Thrash Hits’ Tom Dare loves Nightwish. He’s barely put his memories of the Tarja Turunen era behind him and they’ve gone and shed Anette Olzon. Here’s what he made of it after he stopped crying.
Nightwish have parted ways with singer Anette Olzon. While parts of the the UK is sniggering in adolescent fashion at the very mention of these Finns, and large swathes America is looking over the water, scratching it’s head and asking “Who?”, in Europe, this is bloody huge news.
Nightwish are one of the few metal bands to come along in the last 15-odd years that sell huge numbers of records in the mass downloading era. Even Dark Passion Play, generally regarded as one of their weaker records, sold hundreds of thousands of copies on the continent. And it comes at the worst possible time – they’ve only just become truly stable after the last time they split with their singer.
The seven years since the acrimonious departure of their former lead vocalist, Tarja Turunen, haven’t exactly been a smooth ride.
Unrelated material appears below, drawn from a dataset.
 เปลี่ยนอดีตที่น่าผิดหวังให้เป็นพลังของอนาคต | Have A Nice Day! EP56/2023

It took Nightwish the best part of two years to find a replacement, meaning the band’s sixth album had to be written without knowing the specific strengths and weaknesses of the lady needing to sing it.
The Tarja tune:
Tarja’s operatic warbling was undoubtedly a key component of what made the band so distinctive on their emergence, however much that shtick has been ripped off since. By the time their fifth album, Once, rolled around though, it was obvious composing for that style was limiting them. Tuomas Holopainen (who founded the band and has written the majority of their music) seemed to be straining at his creative boundaries, but evolving a band with such a specific vocal style is not easy.
Her departure freed some of those shackles, but not knowing the range or character of her replacement imposed limits of a different kind. The result was that parts of Dark Passion Play was predictable pop metal, and had a limited replay factor. The tunes were sizeable, but much of it was a little stock and unadventurous. There were, however, vastly more ambitious tracks – most prominently ‘The Poet And The Pendulum‘, a sprawling 14-minute odyssey where Tuomas once more laid his emotions bare while hiding them in the theatricality of the music, is arguably the finest song he’s ever written – and showed glimpses of entirely unexplored territory the band could master.
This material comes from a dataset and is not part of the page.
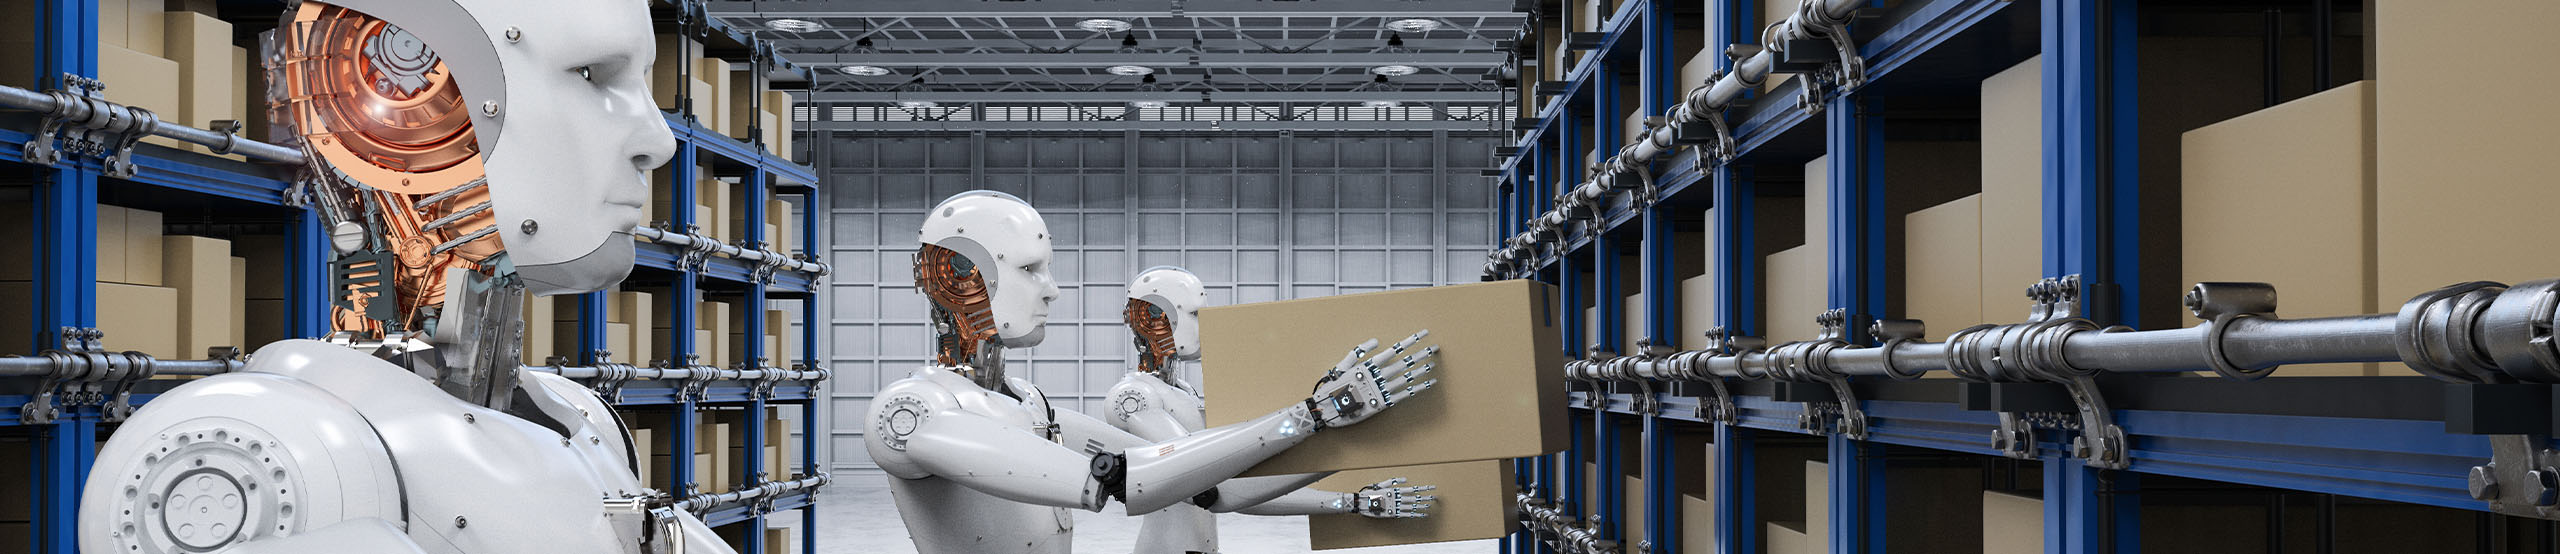 Robots Lifting Boxes | Naples Global Advisors, SEC Registered Investment Advisor

Following a mammoth, gruelling two-year world tour, the band seemed to be finding their feet once more. Tarja’s replacement, Anette Olzon, was getting stronger as far as the band’s live performances went, her confidence seemingly growing in the role, and the band weren’t having to trot out old Wishmaster favourites in order to please the crowd. Then, after an elephantine gestation period, Imaginaerum happened.
The comeback video (with 60 million views):
All of a sudden, the suggestions of a Tarja reunion (something the band seemed to get asked about every time they went out for some milk, especially given her superstar status in their homeland) seemed daft. A much more varied, beautifully constructive work with fluctuating pace, tone and intensity, that ran from gigantic, chorus-focused bombast to gentle contemplation to smooth jazz (nice) showed that Nightwish had far more options open to them with Anette – and that she could nail the variety of parts she was being asked to perform. The subsequent live shows have been great and, finally, after seven years, the band had reached a stable platform from which they could launch into a bright future.
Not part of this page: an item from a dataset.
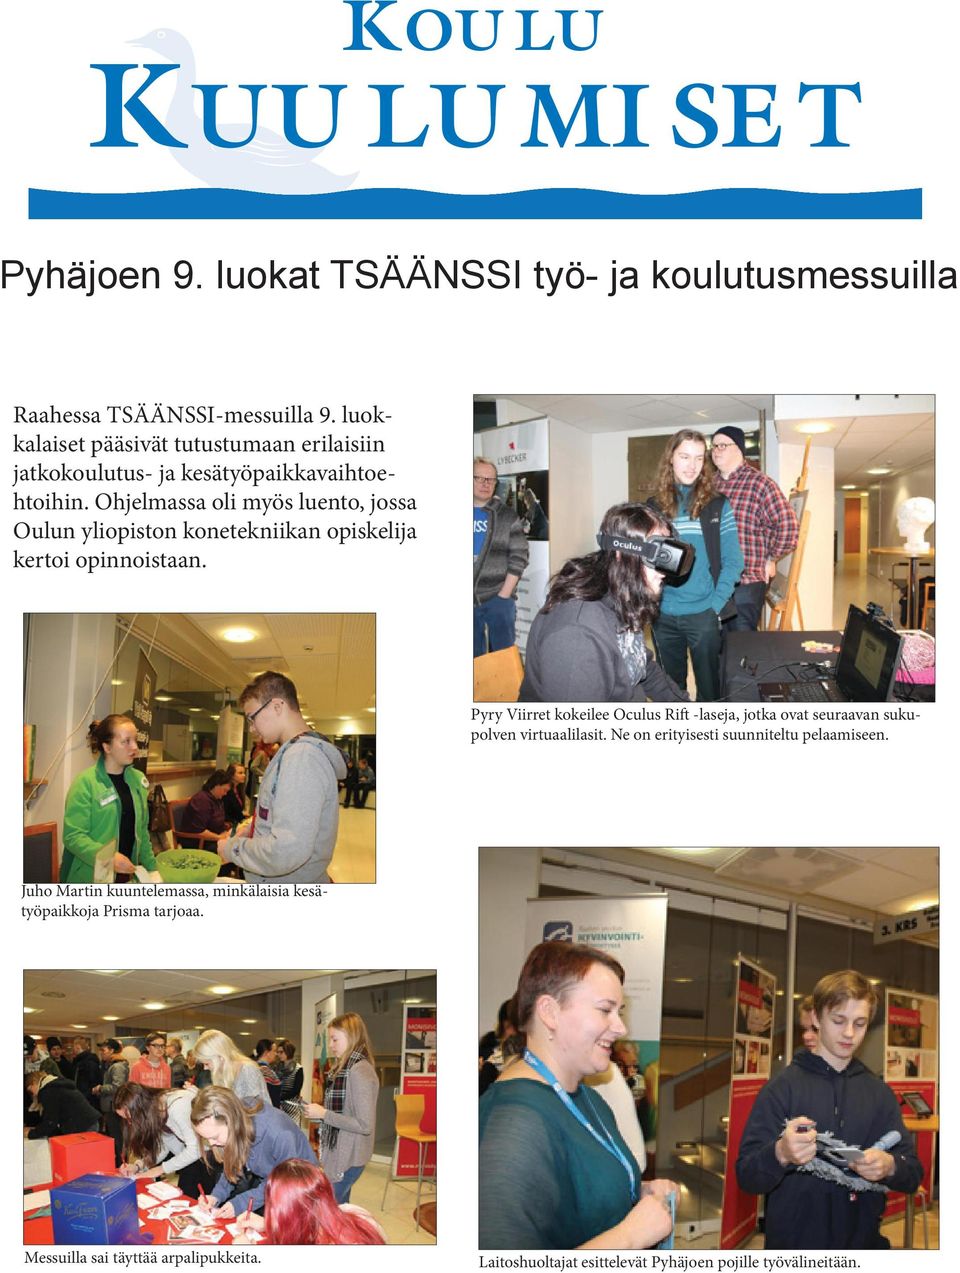 Ohjelmassa oli myös luento, jossa Oulun yliopiston konetekniikan opiskelija kertoi opinnoistaan.

Evening putting aside the bloody great tour they’ve now got to do without Anette, purely because we’ve no real idea how stand-in Floor Jansen (formerly of the now-defunct After Forever) will fill her shoes, the questions going forward are numerous. Perhaps most strikingly, Imaginaerum has a movie to accompany it coming out next month – a film that Nightwish have pumped €1million of their own money into making (and even if you’re Metallica, that’s a fuckton of money). Now the singer – who apparently features in the film itself – who recorded the tracks the film tells the story of isn’t there.
But that’s not so much what I am concerned about as a fan. I’d dealt with my feelings over Tarja’s departure to the point I barely listen to those old records anymore – what they’ve done since, even if it’s only two albums, has become Nightwish in my head. The last album and the highlights of the one before were so bastard good, I no longer miss the “good old days”.
Where they nailed it:
My worry isn’t that Nightwish won’t be able to find a singer good enough. They know what they’re doing, and a band that size won’t struggle for more-than-qualified applicants. I’d expect half the adult female population of Finland to have already emailed their CV to Nightwish’s management along with a links to their YouTube performances. My worry is that it’s another period of instability and uncertainty, that it’ll take another two-year search to find a successor, that the next album will have to be a little compositionally restrained while they sort things out – and, inevitably, that if lightning can strike twice, that it could strike a third time.